From 2010 to 2020, the ecological-economic space conflict in the Nanjing metropolitan area changed considerably. The spatial conflict status of the Nanjing metropolitan area was dominated by low conflict areas, and the lowest-conflict areas were mainly concentrated in the hilly areas of Chuzhou and the mountainous areas of Xuancheng. High-conflict and highest-conflict areas had the lowest proportion and were mainly concentrated in urban areas, while two large conflict areas formed in the central and northern regions of the metropolitan area. The proportion of medium-conflict areas is larger and mainly concentrated in the urban periphery.

(2)

The change in land use has a substantial effect on spatial conflicts.

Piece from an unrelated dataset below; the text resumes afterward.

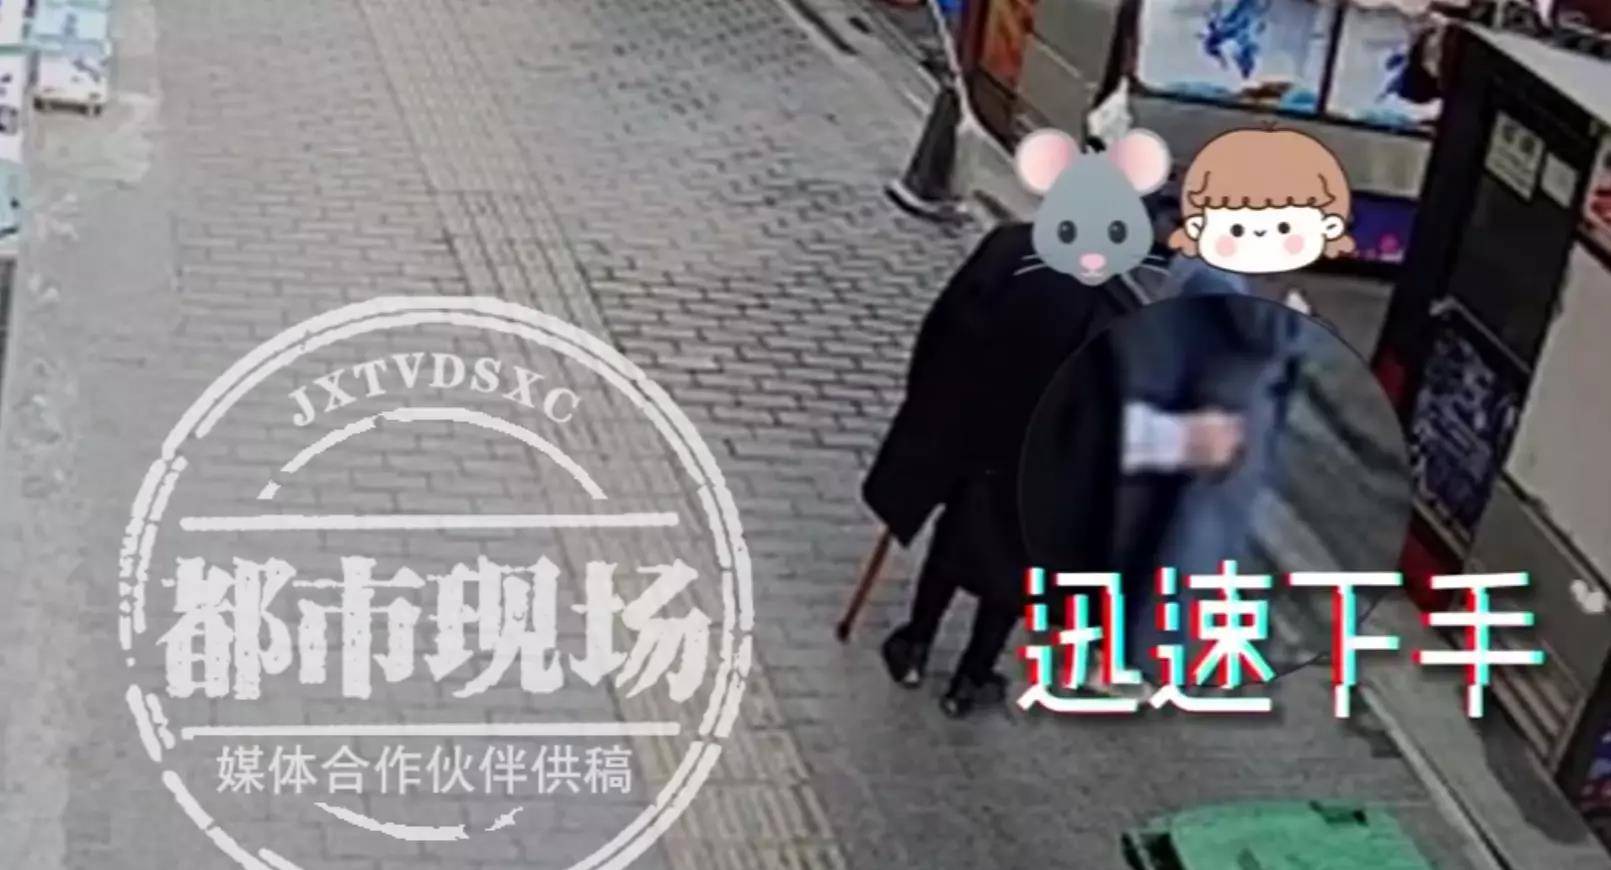 华为手机p9被偷
:女子街边吃零食手机被偷，民警抓获“异装”嫌疑人

In general, the main land use types in the lowest-conflict zone are forest land and arable land, the main land use types in the low-conflict and medium-conflict zones are arable land, and the high-conflict and highest-conflict zones consist mainly of construction land. Therefore, spatial conflicts are easily triggered or intensified by disorderly urban expansion, whereas the presence of ecological land can mitigate spatial conflicts.

(3)

The relevant driving factors of spatial conflicts showed multi-level features. The factor that contributed most to the lowest-conflict and low-conflict areas was DEM, and the factor that contributed most to the highest-conflict and high-conflict areas was industrial density. However, the situation varied from year to year and from region to region, so the development of conflict reconciliation countermeasures needs to be tailored to local conditions.

Finally, this paper offers suggestions to help the Nanjing metropolitan area achieve sustainable development. As a typical metropolitan area in China, the sustainability and spatial conflict situation of the Nanjing metropolitan area needs more attention.